With their 153 lawmakers, the Socialists and Sumar will need the support of several regional formations to form government
“There are many more who want Spain to keep advancing than those who want to go backwards,” he said.
With their 153 lawmakers, the Socialists and Sumar will need the support of several regional formations such as the left-wing Catalan separatist ERC party or the pro-independence Basque party EH Bildu, seen as the heir of the now-defunct armed separatist group ETA.
But they will also have to negotiate the abstention of the hardline Catalan separatist party JxCat which has vowed not to help Sanchez remain in power without something in return.

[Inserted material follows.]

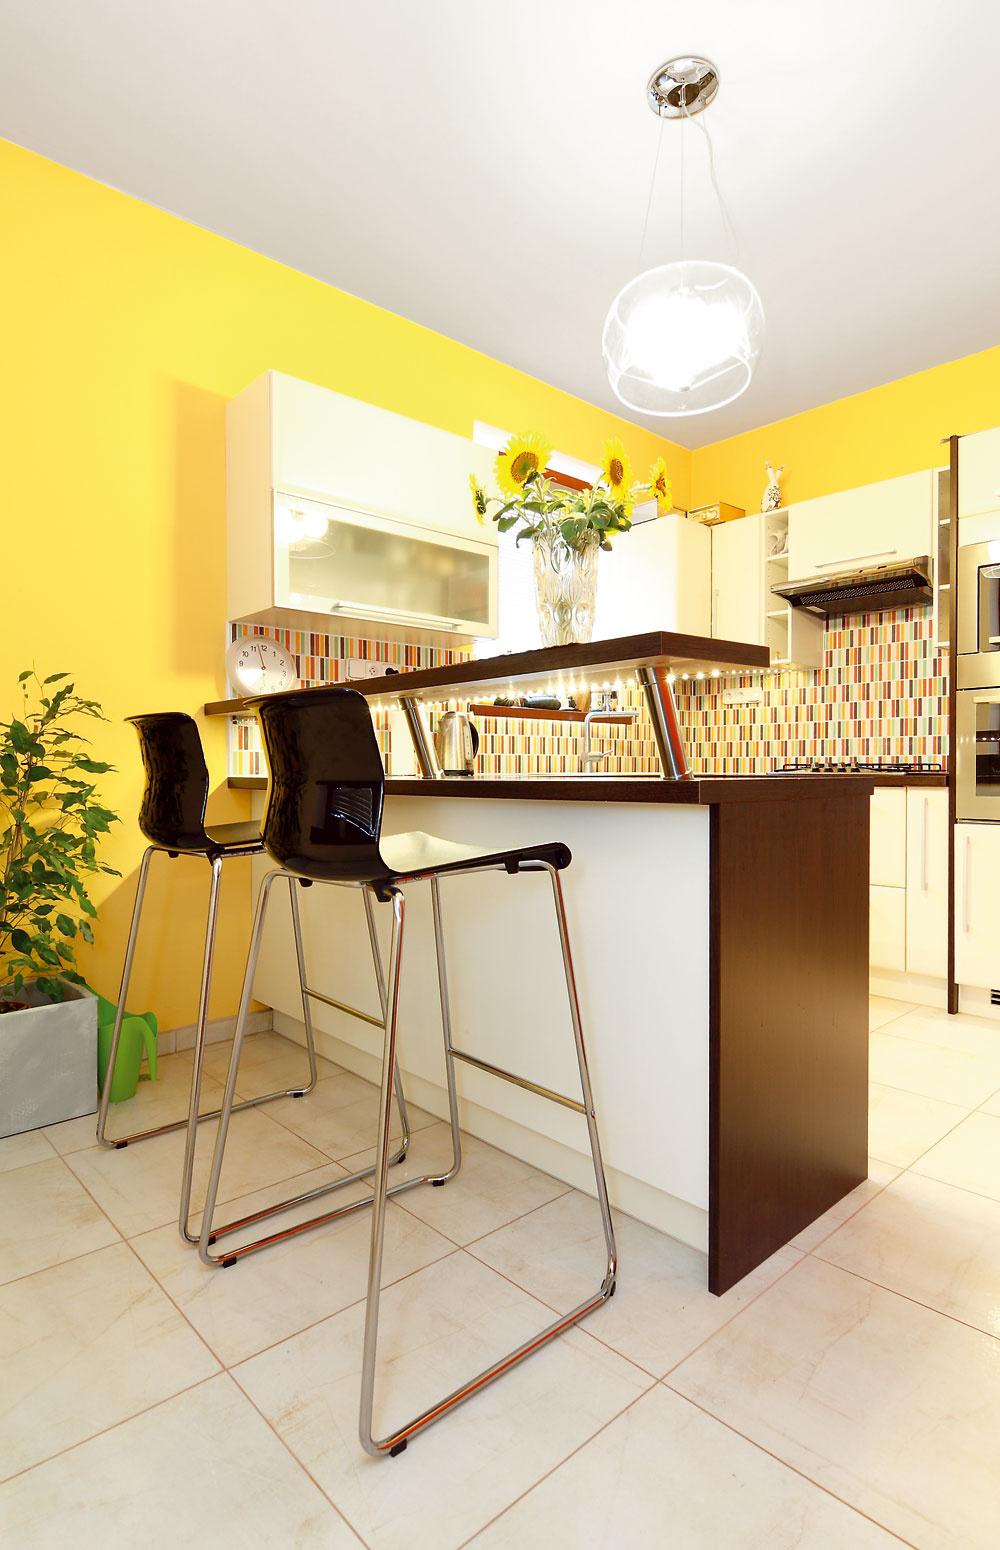 Kuchynská linka zDecodomu už vdome bola, architektka ju však oživila niekoľkými prvkami, ktoré zároveň prispeli kjej zjednoteniu spriestorom obývačky ajedálne. Pribudol barový pult sLED podsvietením sbarovými stoličkami atiež dlhý kvetináč pri stene vedľa barového sedenia, ktorý je dôležitý pre kompozíciu pri pohľade zobývačky. Pôvodnú žltú farbu stien vkuchyni ponechali – ladí so zeleným zariadením obývačky, previazanosť týchto dvoch priestorov podporilo aj rovnaké centrálne svietidlo.

If everything came together, Sanchez could assemble 172 lawmakers behind him, which is more than Feijoo, that would be enough to secure a second parliamentary investiture vote which only requires a simple majority.
Otherwise, Spain – which held four general elections between 2015 and 2019 – could find itself once again in deadlock and forced to call a new vote.
Feijoo, who narrowly won the election on paper, has insisted he has the right to form a government.
The PP “has won the election” and “as the candidate of the most-voted party, I believe it’s my duty … to try and govern our country,” he told supporters after results came in.
“Our duty now is to ensure that Spain does not enter a period of uncertainty.”
- ‘Don’t block me’ -
“It is with great determination that I will take on the task of take on the task of opening dialogue to form a government,” he said, urging the Socialists not “block” his efforts.
Alberto Nunez Feijoo, whose right-wing Popular Party won the most seats but far short of a majority, insists he has the right to form a government
“We are going to be talking a lot in these coming days and weeks,” he said.
Without an absolute majority, Feijoo would seek to form a minority government but for that he would need the Socialists to abstain during any investiture vote in parliament – which they have no intention of doing.
Sanchez, 51, called the snap polls in late May after his Socialist party and its far-left junior coalition partners suffered a drubbing in local and regional elections in which the right surged.
He focused his campaign on warning about the danger of a PP-Vox government in order to mobilise the electorate in a strategy that appears to have paid off, with turnout reaching almost 70 percent, some 3.5 percentage points higher than in 2019.
The vote has been closely watched from abroad over the possibility, which now seems unlikely, of a government in which the far right held its first share of power since the Franco dictatorship ended in 1975.
Vox, which jointly rules three of Spain’s 17 regions with the PP, pledged to roll back laws on gender violence, LGBTQ rights, abortion and euthanasia, as well as a democratic memory law honouring the victims of the dictatorship.